Notre-Dame des douleurs

Michel-Ange Pieta Vatican

Le 15 septembre, au lendemain de la fête de la Sainte Croix, faisons mémoire de la compassion de Marie. Cette piété mariale qui, au Moyen-Âge, aimait à énumérer les sept douleurs de la Vierge répond à la place que l’Évangile donne à Marie dans le mystère du salut accompli par son Fils.

Dès la Présentation de Jésus au Temple, le vieillard Siméon avait prédit à Marie qu’un glaive de douleur allait transpercer son cœur maternel.

Cette prédiction se réalisa d’abord par la fuite en Égypte ; Notre-Dame eut ensuite la douleur de rechercher son Fils pendant trois jours, lors du pèlerinage à Jérusalem. La séparation, au début de la vie publique, fut pour elle une nouvelle souffrance.

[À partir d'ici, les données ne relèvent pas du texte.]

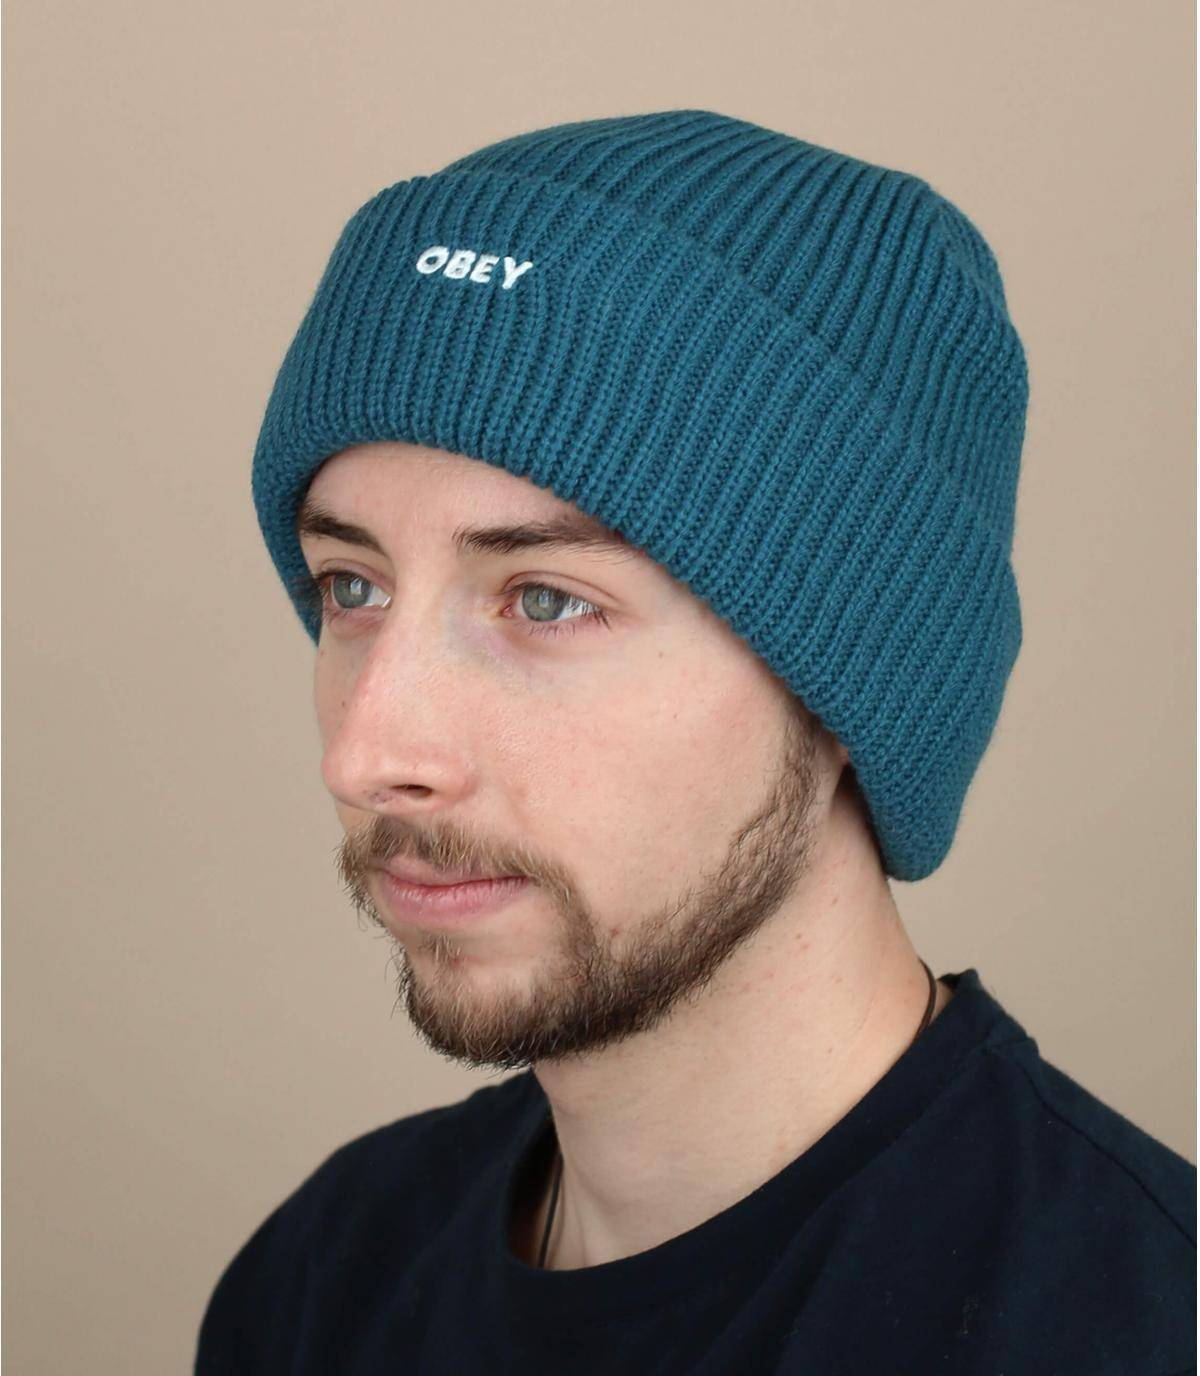 Mütze Obey blau

Mais la prophétie de Siméon s’accomplit principalement pendant la Passion : Jésus rencontre sa Mère, sur la route qui le conduit au Calvaire ; Marie est présente, au pied de la Croix, près de son Fils agonisant ; enfin, ultime compassion, elle reçoit dans ses bras le corps inanimé de Jésus.

Jésus oblige à un choix : face à la révélation qu’il leur fait de l’amour du père et de ses exigences, les hommes se divisent. Crucifié par ceux qui le contredisent, le Christ sauve ainsi ceux qui croient en lui. Marie a le cœur déchiré par cette division des hommes.

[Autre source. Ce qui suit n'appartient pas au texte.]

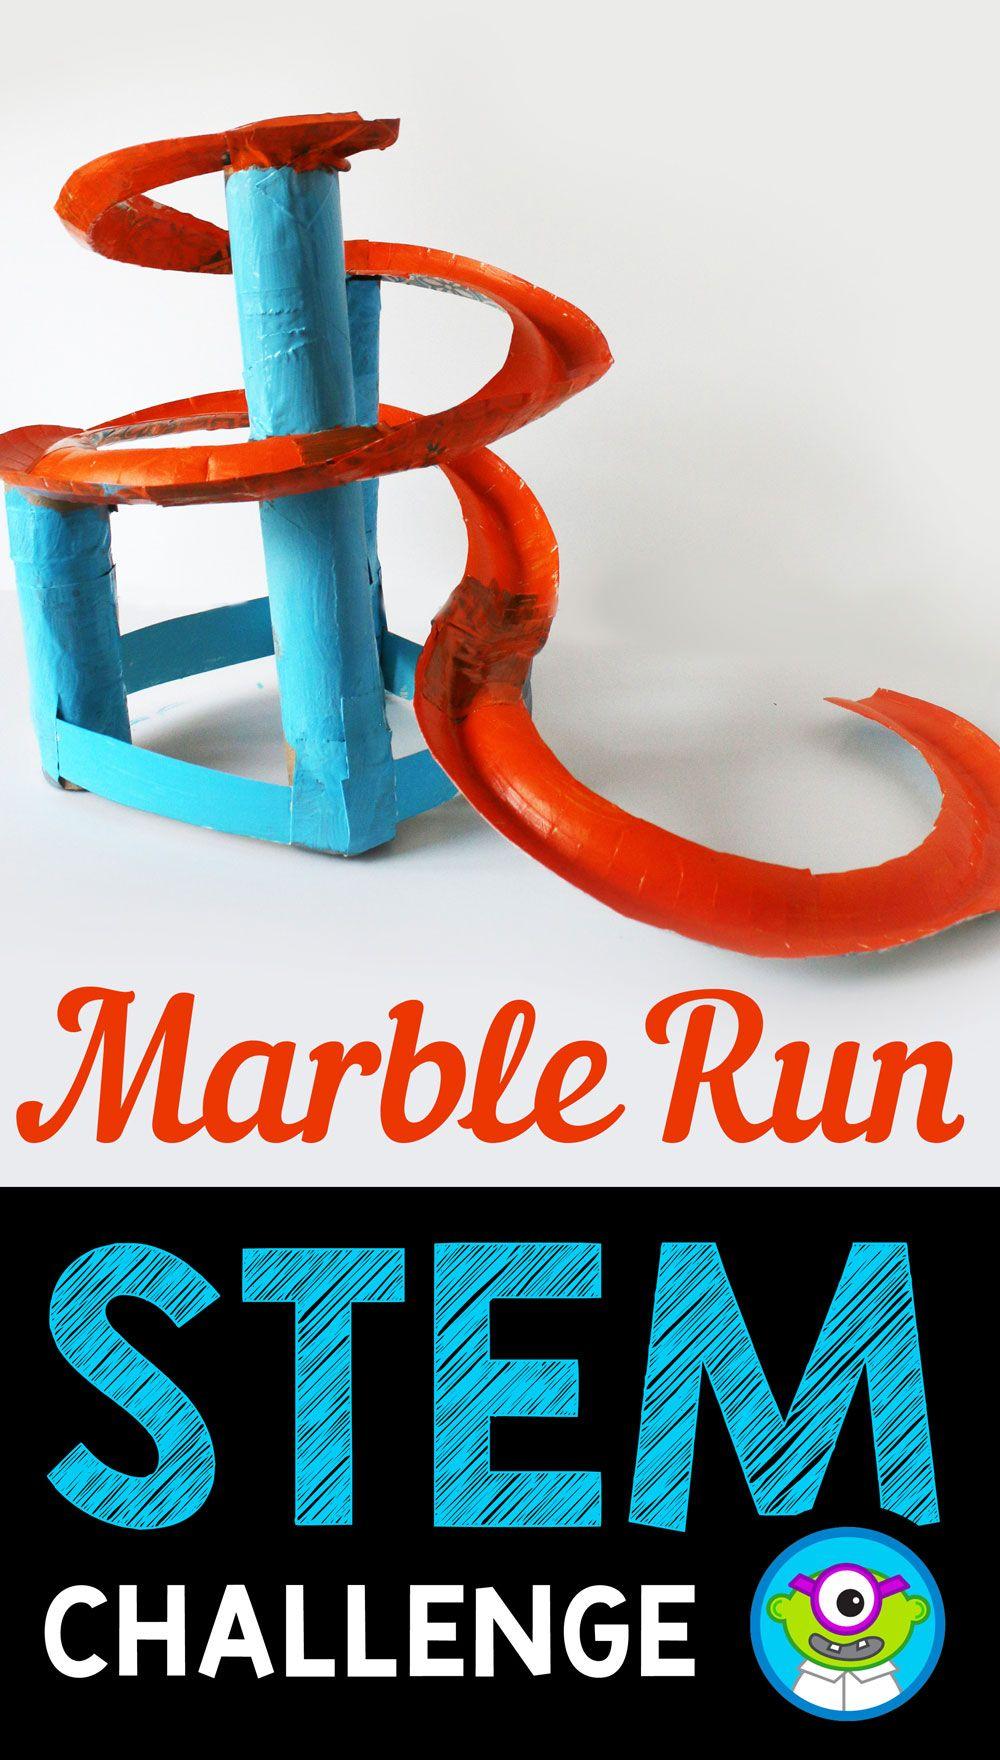 Stem Activity Challenge Marble Run 3rd 5th Grade Stem Activities Middle School Elementary Stem Activities Stem Projects Middle School

Elle communie à la passion de son Fils. Debout au pied de la croix, Marie « souffrit cruellement avec son Fils unique, associée d’un cœur maternel à son sacrifice, donnant à l’immolation de la victime, née de sa chair, le consentement de son amour » (IIe Concile du Vatican). C’est pour avoir communié intimement à la passion de Jésus que Marie a été associée d’une manière unique à la gloire de sa résurrection.

Si son assomption découle de sa maternité divine, il convient de souligner que Marie n’a jamais été plus mère qu’au pied de la croix : c’est là que son cœur a été transpercé comme par le glaive à la vue des souffrances de Jésus ; là aussi que la maternité de Marie s’est étendue à tous les membres du corps du Christ, qui allait naître de son côté ouvert.

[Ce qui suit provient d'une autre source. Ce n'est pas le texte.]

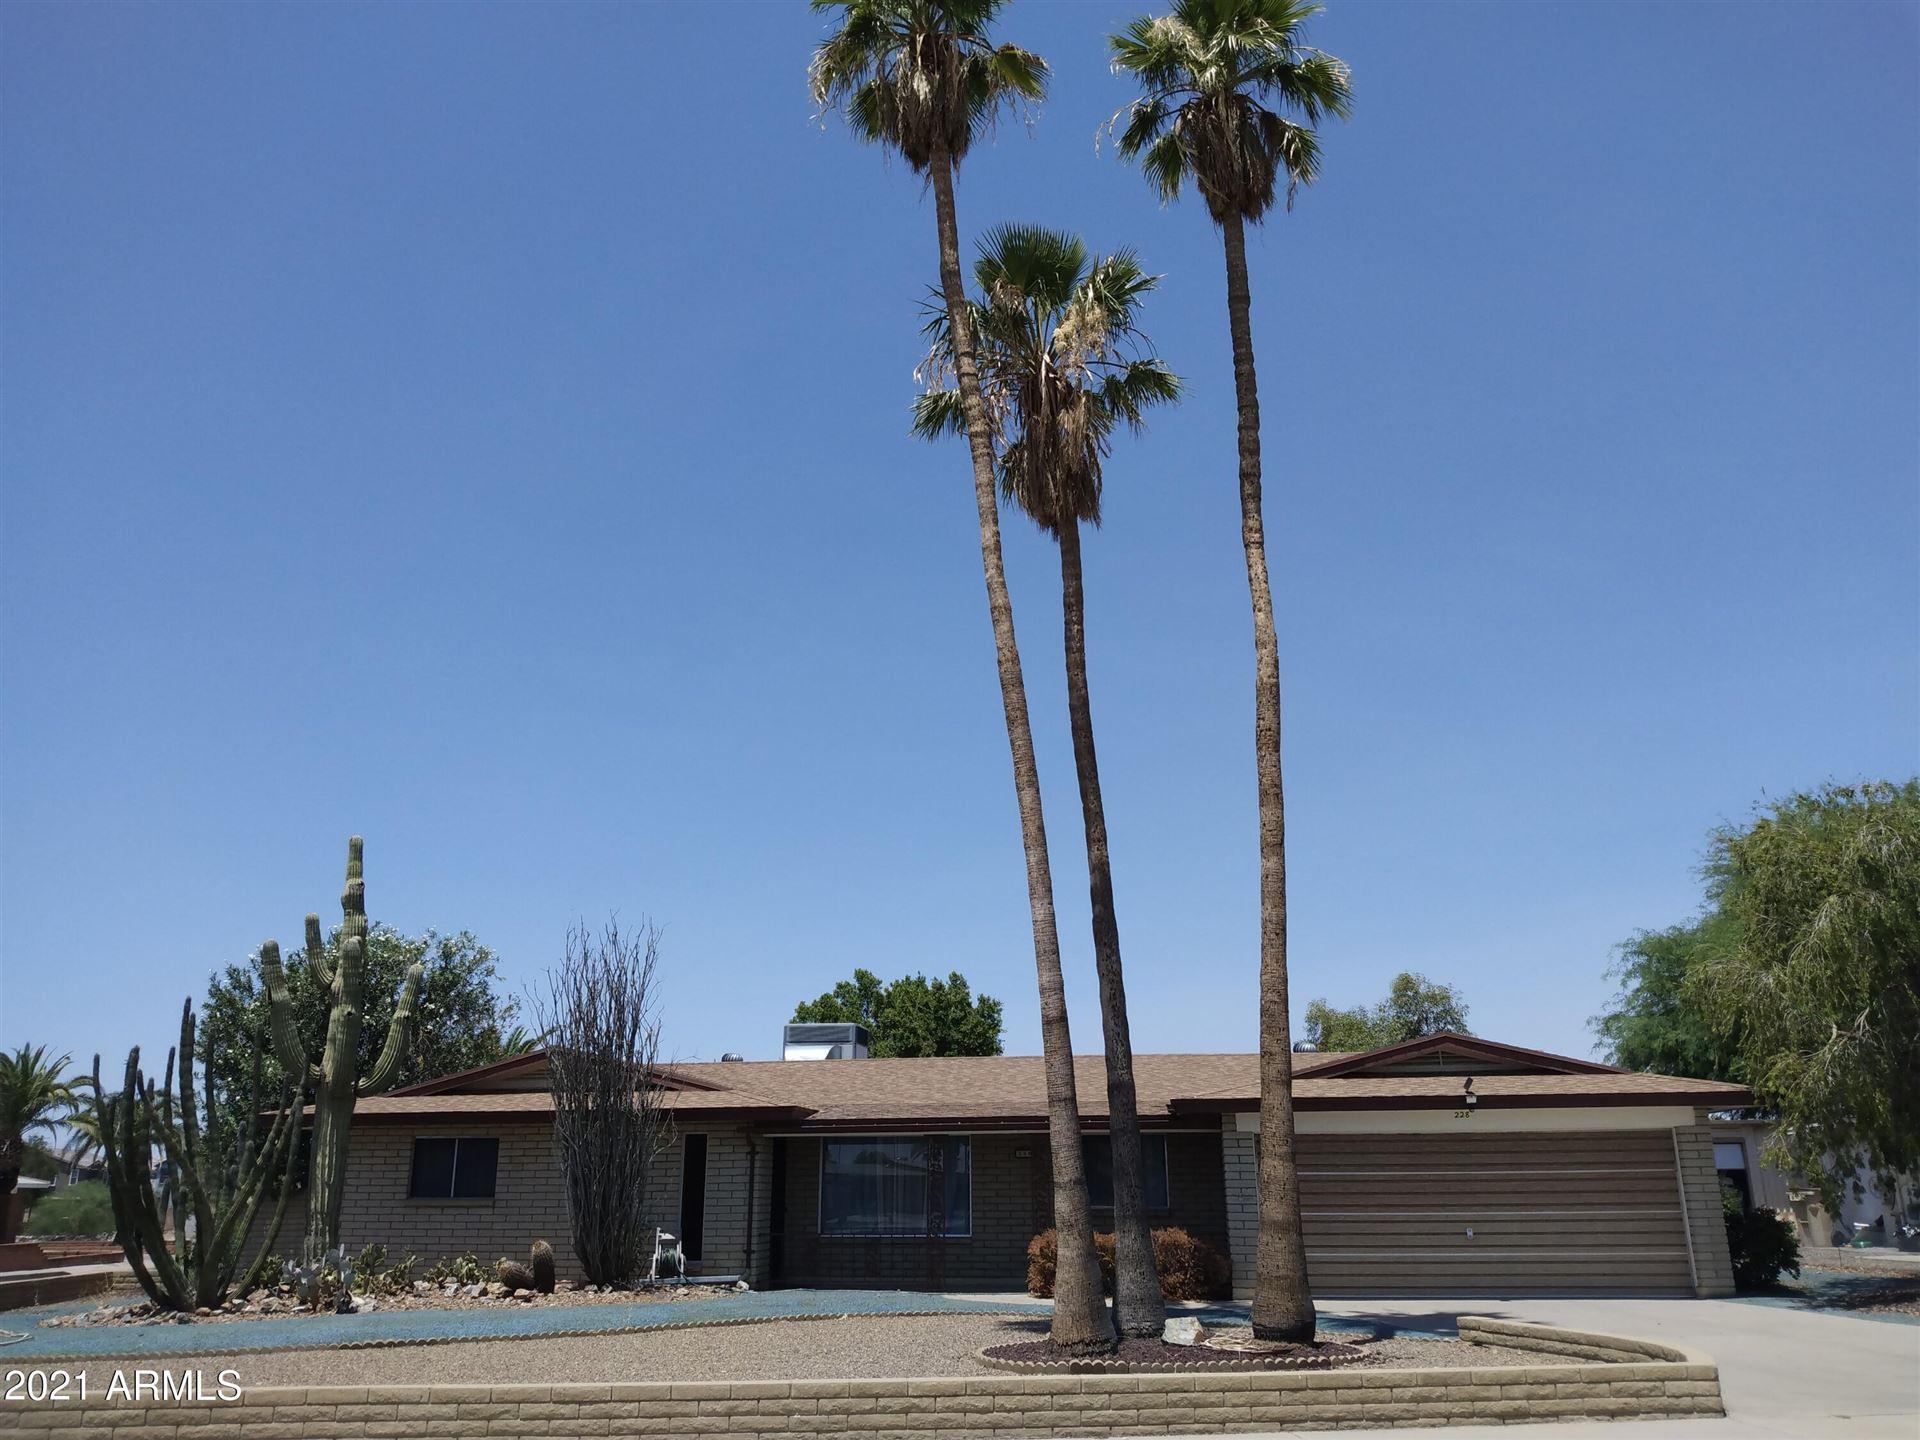 228 N 58TH Place, Mesa, AZ 85205 - MLS#: 6259774

C’est ainsi qu’elle enfante les élus que Jésus sauve et auquel il l’a donné pour mère. Car c’est avec tout son amour maternel que Notre-Dame a participé aux souffrances rédemptrices de son Fils, pour l’Église, son Corps Mystique.

Dans sa compassion, comme en sa conception immaculée et son assomption, Marie est la figure de l’Église. Dans l’Église qui souffre au long des âges et sur toute la surface de la terre, la passion du Christ continue.

Mais si l’Église accepte de s’unir à la passion du Christ, elle est appelée, comme Marie, à partager la gloire de sa résurrection. Aussi les chrétiens doivent-ils se réjouir d’être appelés à porter la Croix du Seigneur, car « lorsque se manifestera sa gloire, leur joie ne connaîtra plus de limites. » ( I Pierre 4, 13)

Le Pape François nous invite « à nous tourner avec confiance vers ‘Notre Dame des Douleurs’, pour qu’elle accompagne chacun dans sa marche et lui obtienne le don de la réconciliation et de la paix. » (jeudi 3 avril 2014)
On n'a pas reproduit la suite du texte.